At the terminal end, a load-sensing and control terminal is in charge of managing all loads in a family or cell. It collects load information (e.g., the current signal) and sends it to a cloud server for further analysis. It also receives and executes all commands from the cloud server to control loads for energy saving. The network is utilized to transmit all data and commands, which can be based on technologies like Narrow Band IoT (NB-IoT) or 5G.
At the cloud end, a cloud-based service platform is responsible for load recognition, monitoring, and control. It analyzes the electricity consumption of all loads and provides suggestions for the smart control of switches. In controlling the loads, unnecessary (e.g., lighting under daylight) or dangerous (e.g., abnormal use in factory) uses of electricity can be avoided. The cloud-based service platform runs the proposed NILM method only when necessary, so the computational cost is not a critical issue. The experiments also demonstrate that the NILM approach can run on a laptop, as the proposed deep model processes a 40 × 40 color image only.

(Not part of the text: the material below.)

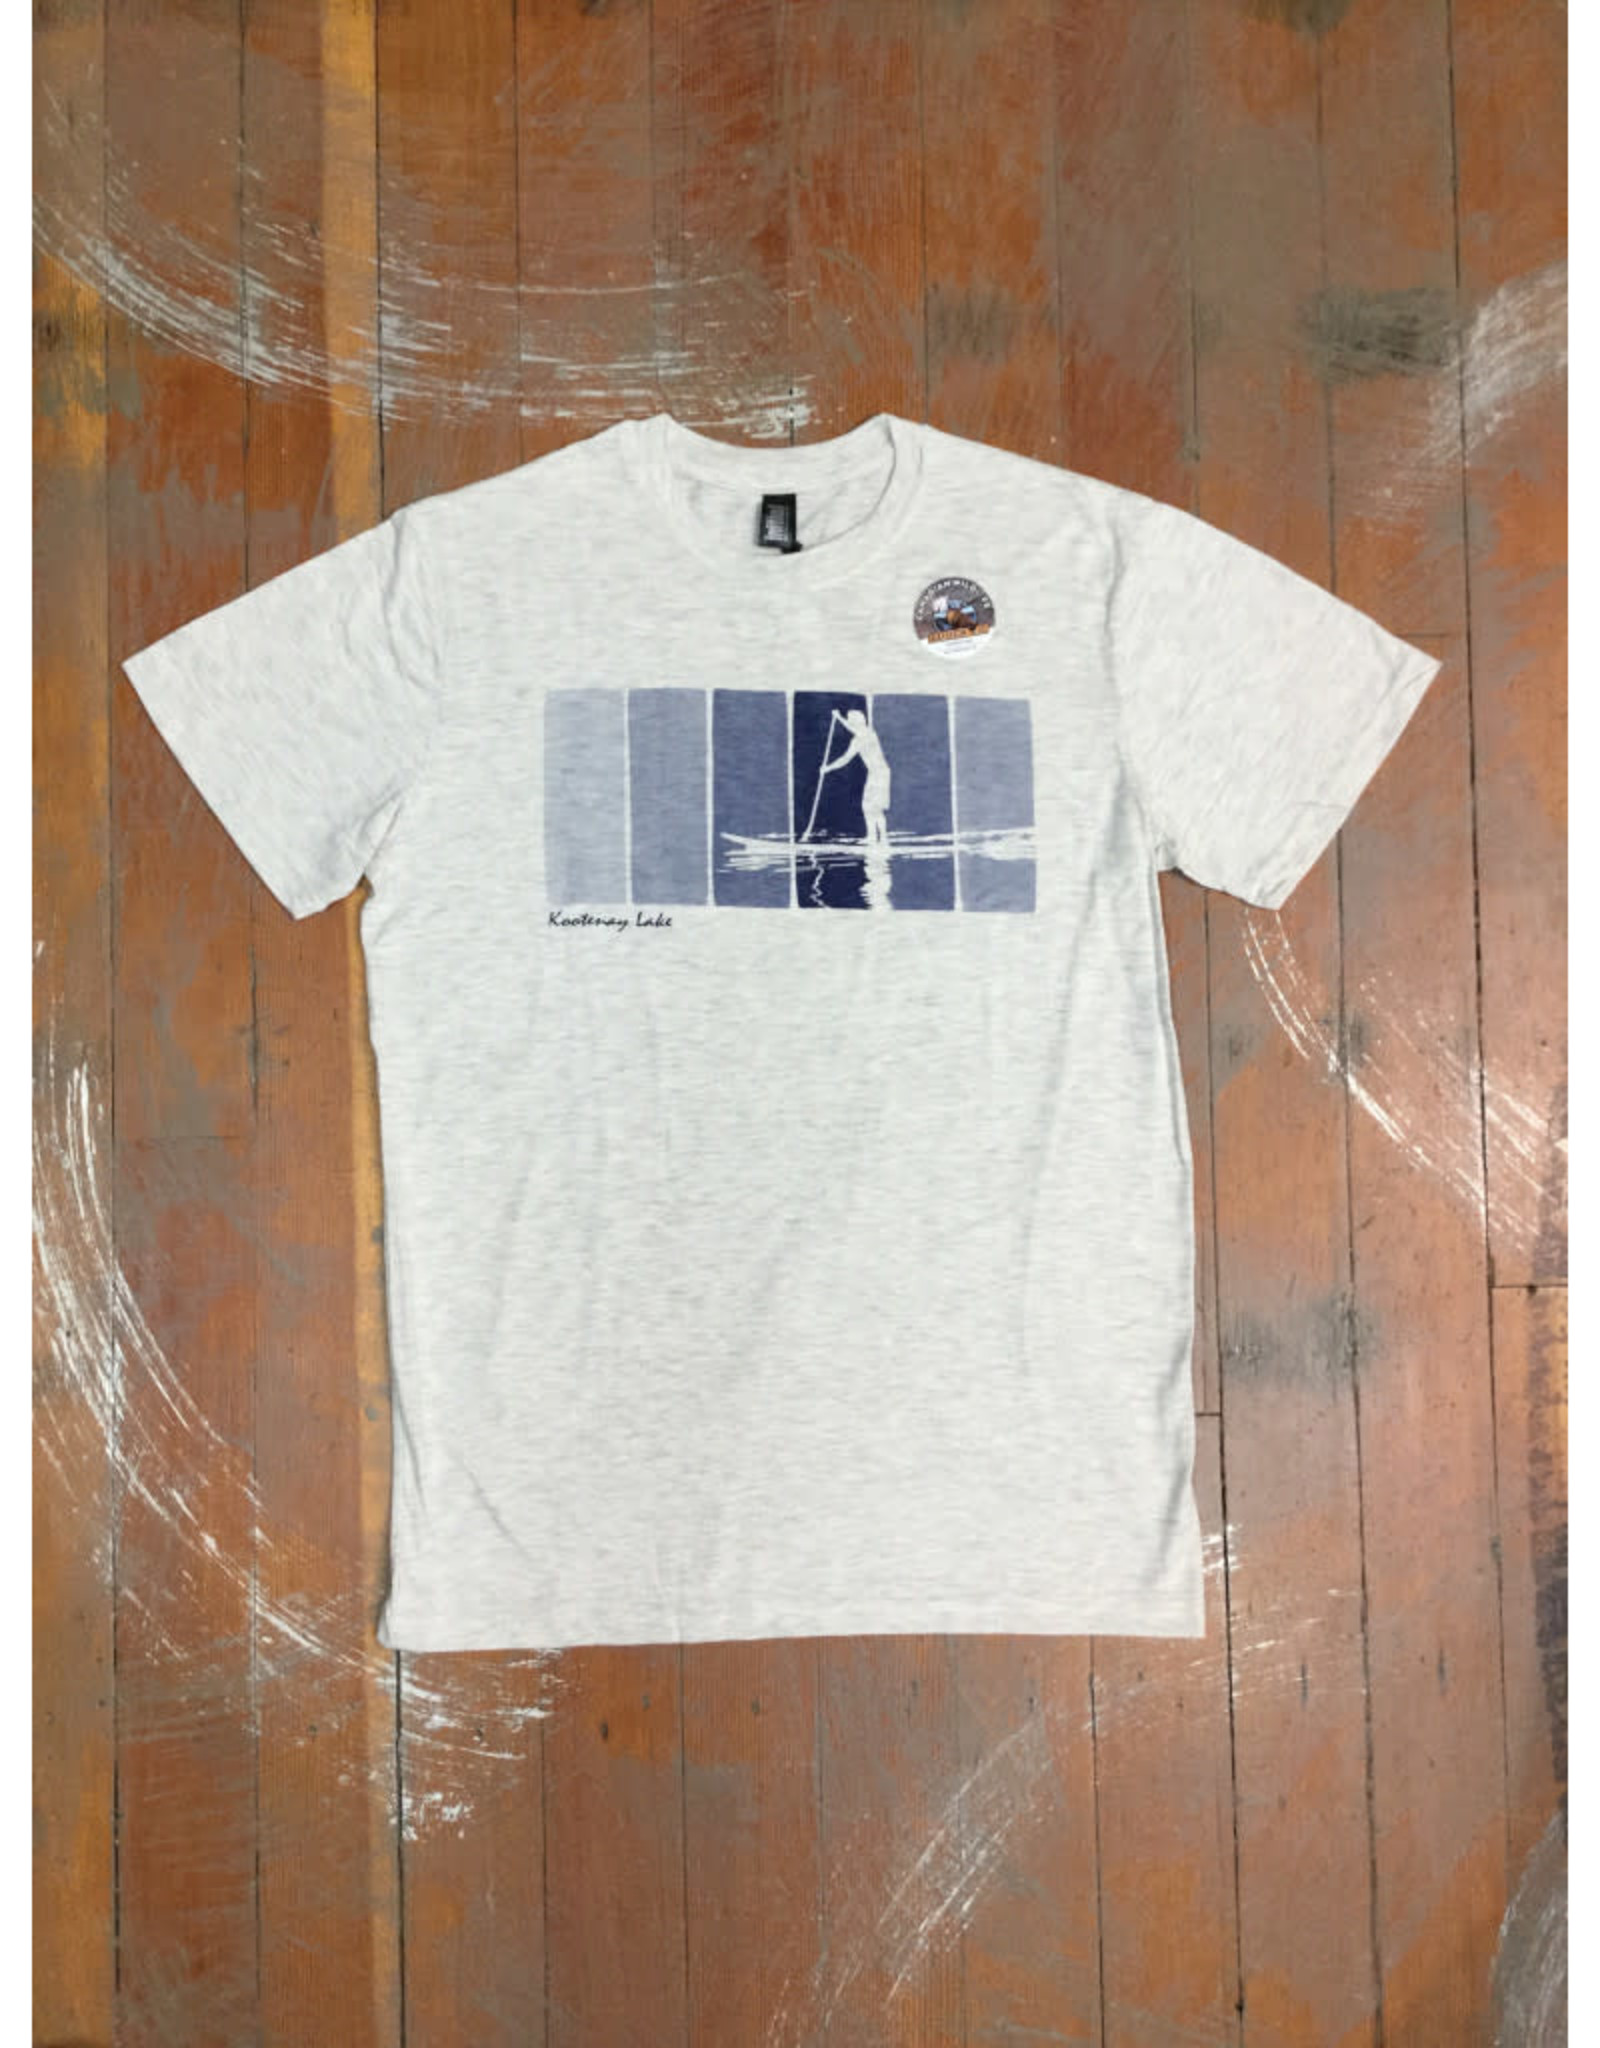 Attraction Paddle Reflection Souvenir T-Shirt

A laboratory prototype was designed to assert the above application paradigm. It was a minimum system consisting of the load-sensing and control terminal and the application software. When the system starts working, it firstly checks the connection status of the load sensing and control terminal. The information (such as serial number, IP address, etc.) of the online terminals is displayed in the application software. Meanwhile, the current data, which are captured and transferred by the online terminals, are received and stored in the server by the application software. Then, the application software uses the proposed NILM algorithm for load recognition. The results are employed to determine whether there are abnormal loads (e.g., unnecessary loads) based on a predefined mechanism. When an abnormality occurs, the abnormality information is sent to the terminal, which subsequently performs a corresponding operation (e.g., turn off the unnecessary load). It is worth mentioning that the above laboratory prototype was also utilized to establish the private dataset mentioned in 
Section 3.1.
In summary, the joint Terminal–Network–Cloud infrastructure enables efficient electricity management over a large-scale IoT in smart cities, allowing for load monitoring, analysis, and control for each family or cell. The proposed NILM approach can be deployed in the smart electricity management system of smart cities.